The kicker, of course, is Kagan's closing cite. She writes:

What we can decide, we can undecide. But stare decisis teaches that we should exercise that authority sparingly. Cf. S. Lee and S. Ditko, Amazing Fantasy No. 15: "Spider-Man," p. 13 (1962) ("[I]n this world, with great power there must also come--great responsibility").

That's right, Blue Book nerds, Kagan wants you to compare the power of stare decisis to the power and responsibility afforded Spiderman. Will Stare Decisis Man be the next big comic book hit?
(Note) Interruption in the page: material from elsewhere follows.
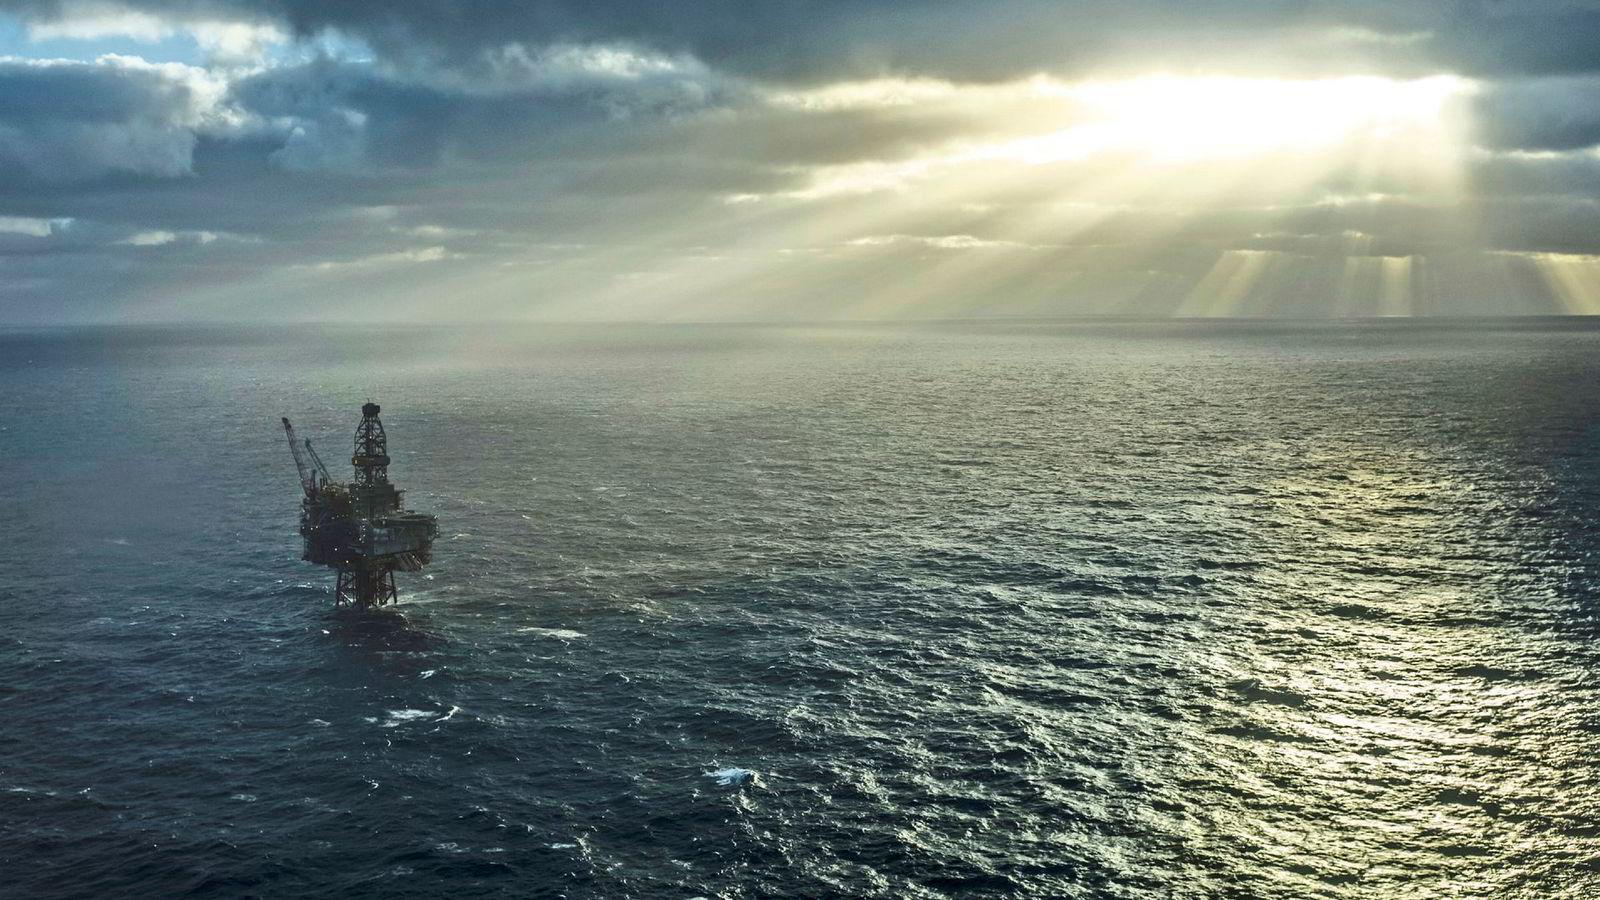 Norske olje- og gasseiendeler er fortsatt dyre, mener styreleder Bijan Mossavar-Rahmani i DNO. Her ses feltet Ringhorne, hvor Vår Energi er operatør og Faroe har en eierandel på 20 prosent.
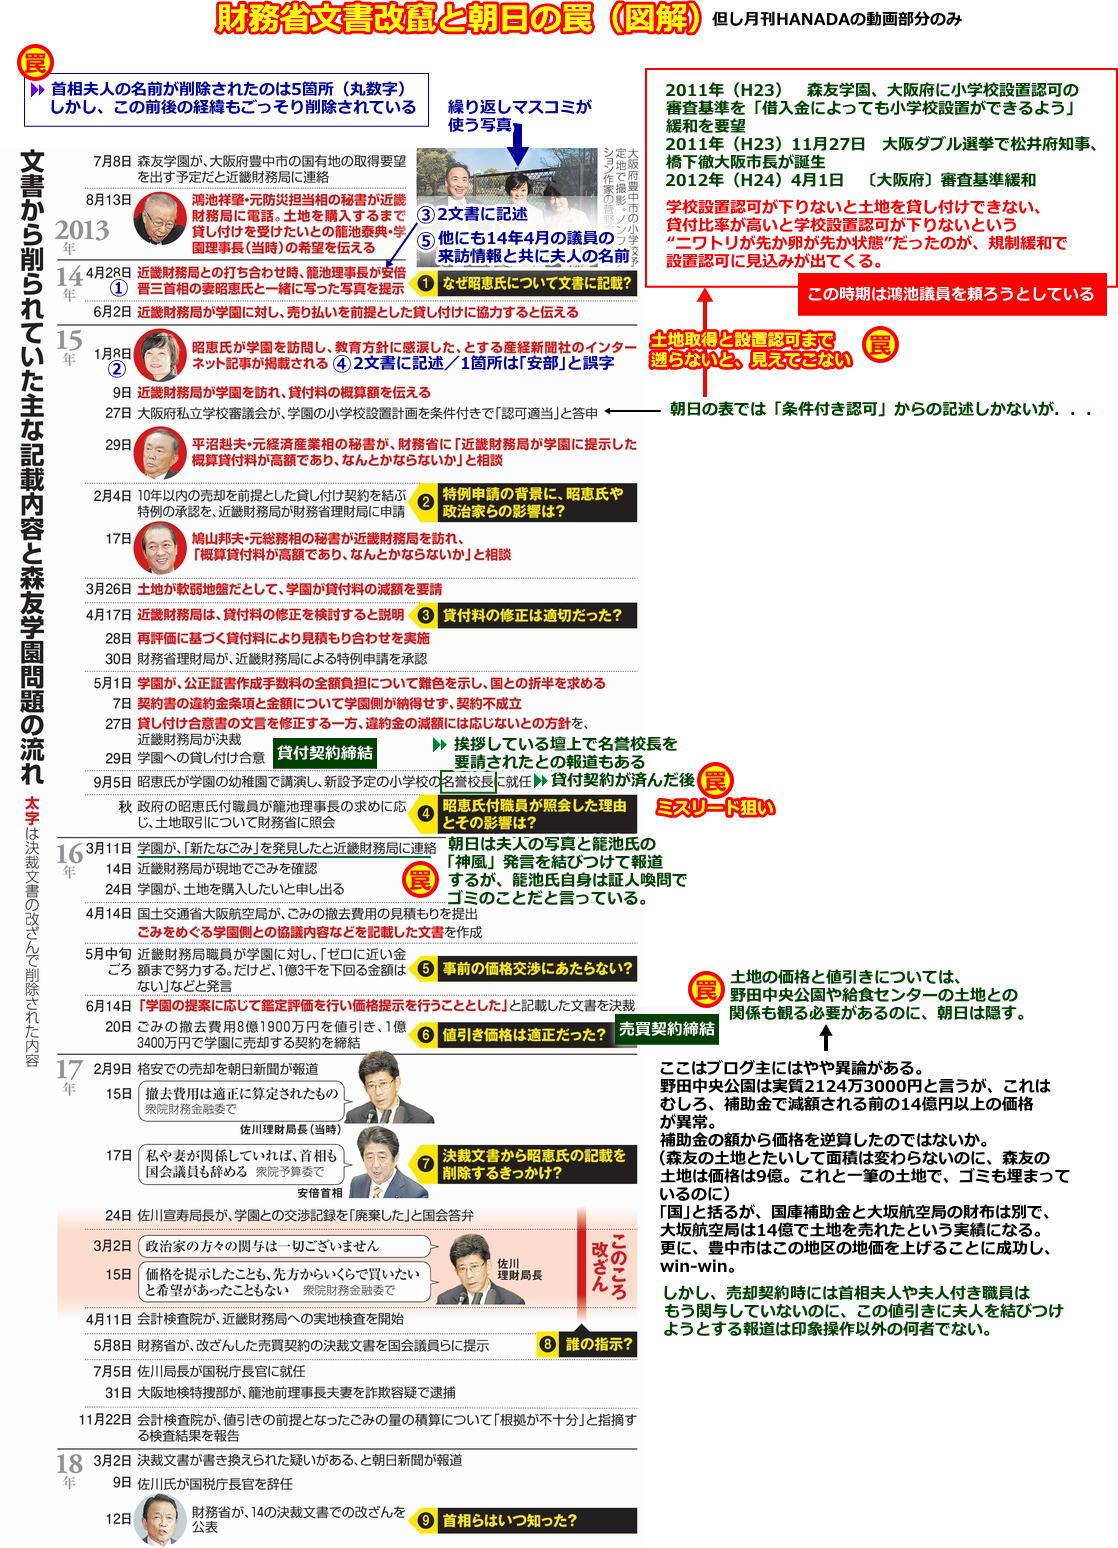 20180330_hanada02_asahi_no_wana

Of course, this isn't Kagan's first winking citation in a Supreme Court opinion. In a dissent this February, Kagan cited to Dr. Seuss. Where the majority interpreted "tangible object" in the Sarbanes-Oxley Act -- the object here was a fish -- to refer just to tangible recording devices, Kagan argued they should apply the terms ordinary meaning. Remember, she said, "a fish is, of course, a discrete thing that possesses physical form. See generally Dr. Seuss, One Fish Two Fish Red Fish Blue Fish (1960)."

SCOTUS Bonus

A final linguistic development from SCOTUS today. You may remember that Kagan broke the "way" barrier in March, using "way" as an adverb in a Supreme Court decision when she wrote that a petitioner "way overstates" his case. She was joined on the Court's linguistic avant-garde today by -- surprise -- Scalia. In his dissent to today's ruling upholding the federal exchanges in Obamacare, Scalia wrote that the act, so shaped by the Court's reading, should instead be called SCOTUScare. That's the first time SCOTUS has ever written SCOTUS in a Supreme Court opinion. Way important, don't you think?